TASK BRIEF — Please output every line of the material as it stands, without the pictures.

THE DATA —
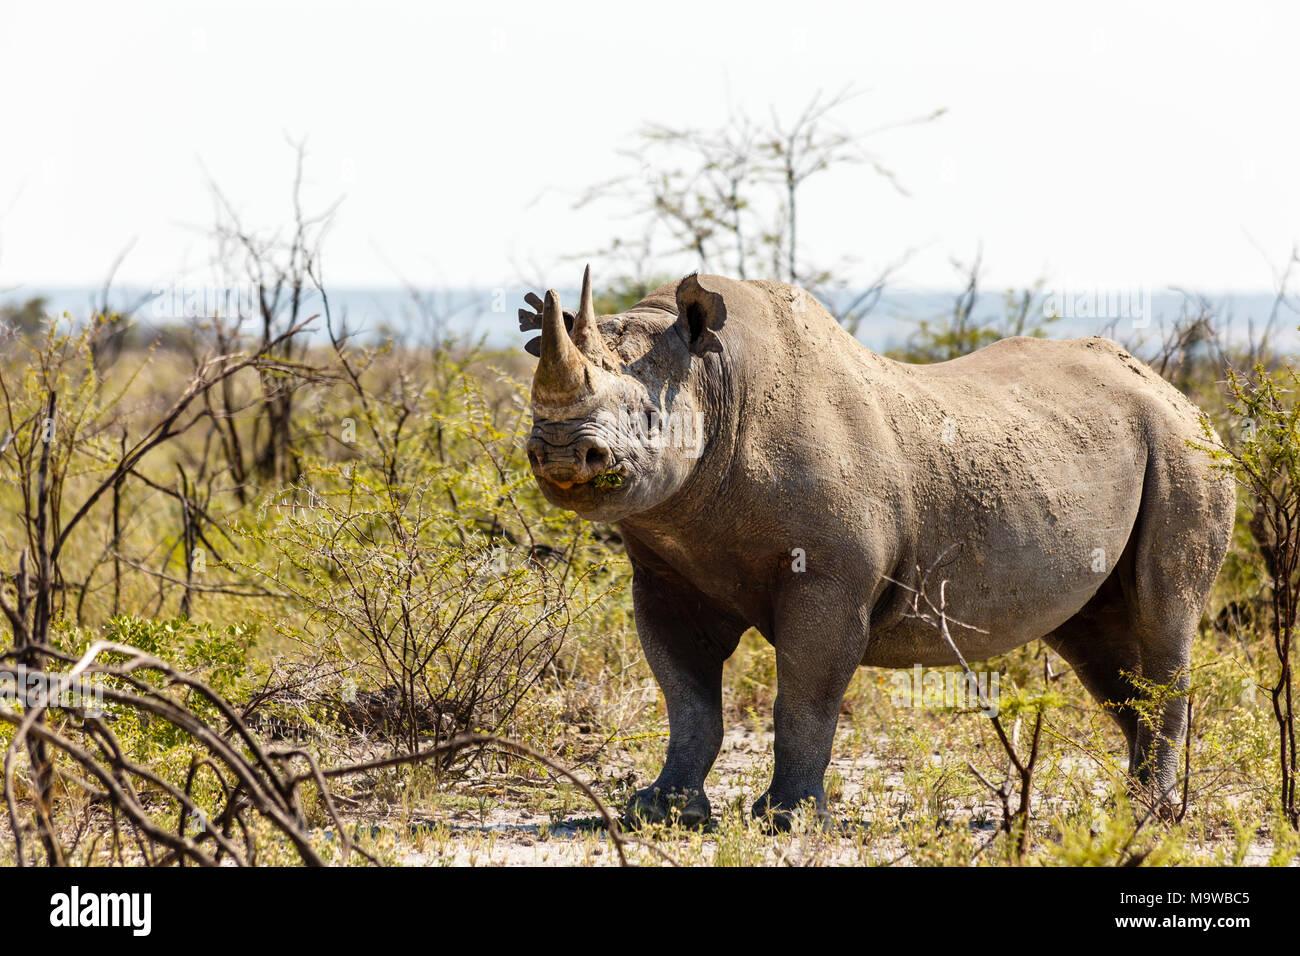 white rhinoceros, Ceratotherium simum, Etosha Nationalpark, Namibia - Stock Image
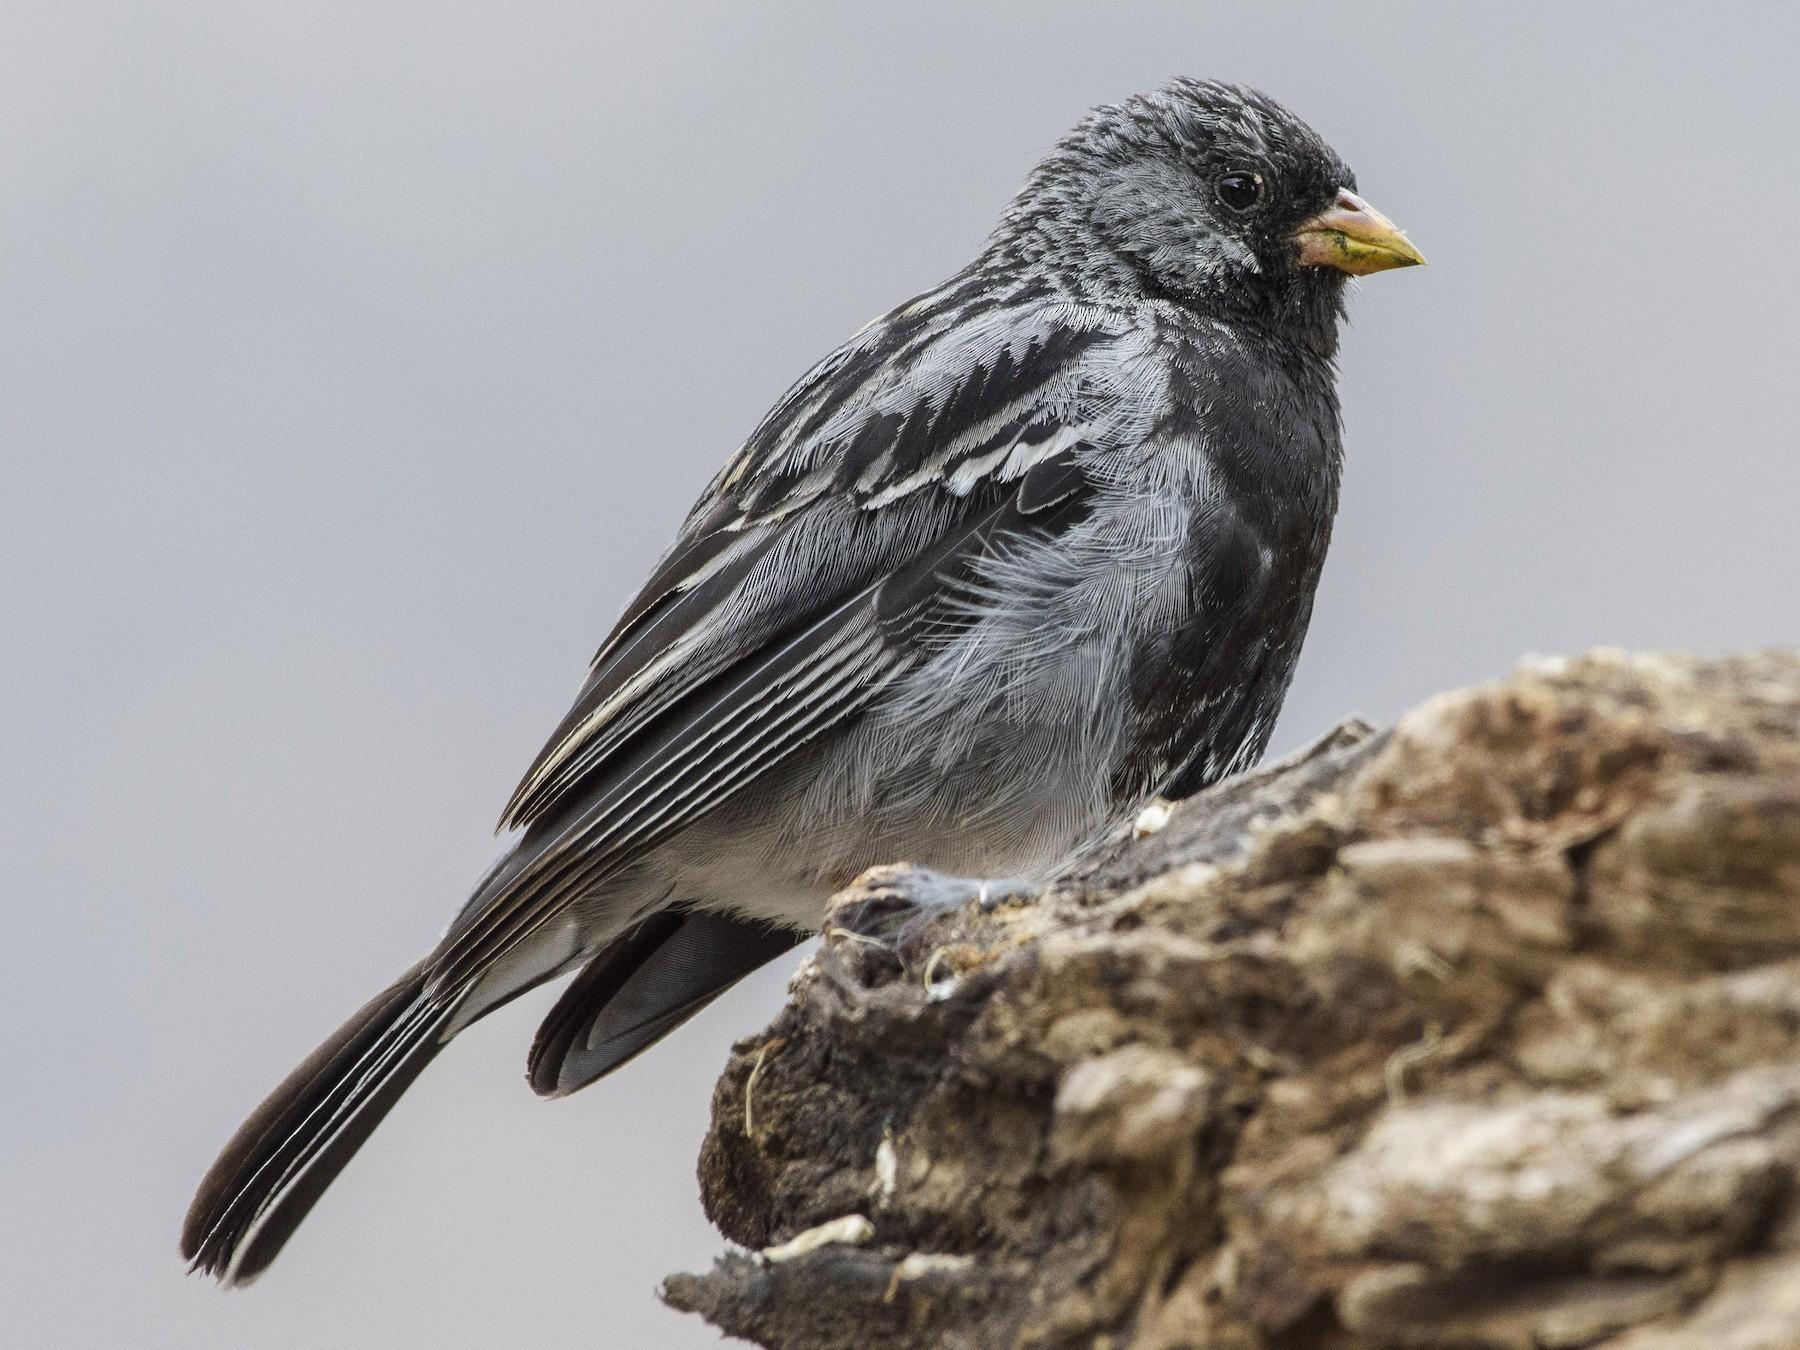 Mourning Sierra-Finch - VERONICA ARAYA GARCIA
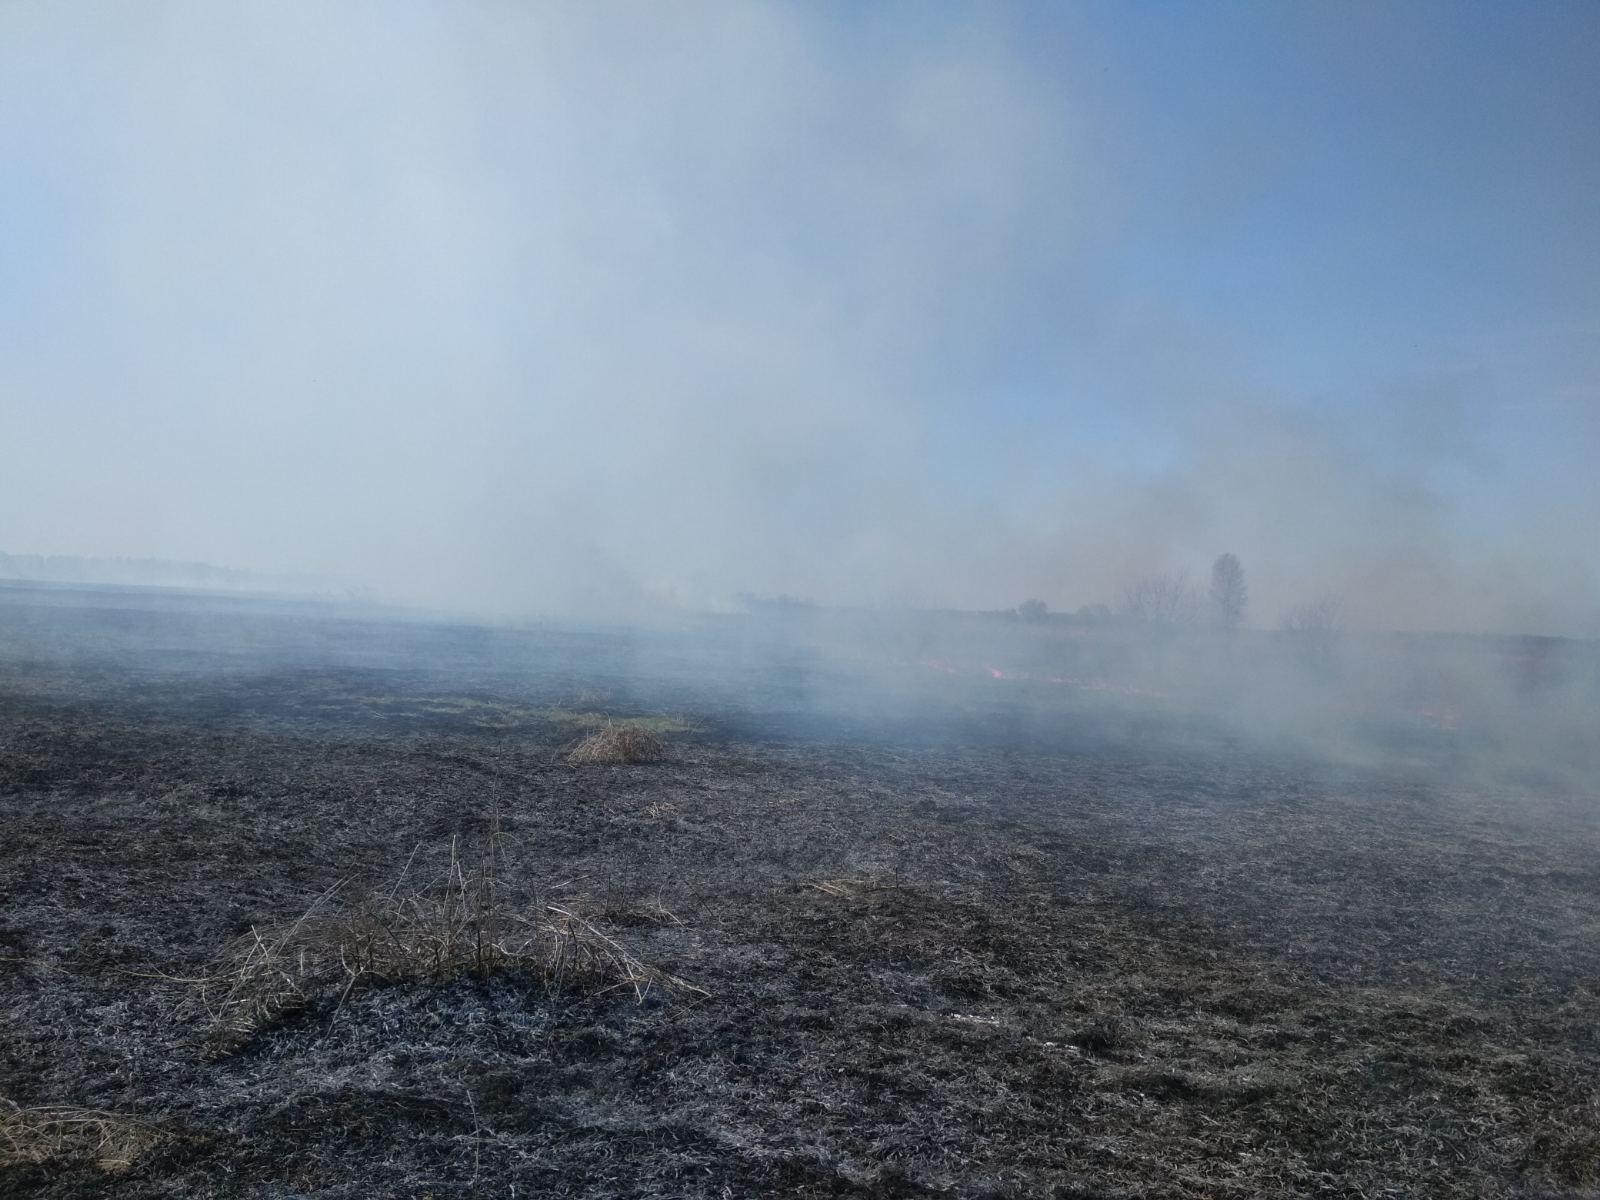 На Броварщині рятувальники борються з пожежами в екосистемах -  - yzobrazhenye viber 2020 04 09 20 51 03 1

ANSWER TO THIS EXERCISE —
 white rhinoceros, Ceratotherium simum, Etosha Nationalpark, Namibia - Stock Image
 Mourning Sierra-Finch - VERONICA ARAYA GARCIA
 На Броварщині рятувальники борються з пожежами в екосистемах -  - yzobrazhenye viber 2020 04 09 20 51 03 1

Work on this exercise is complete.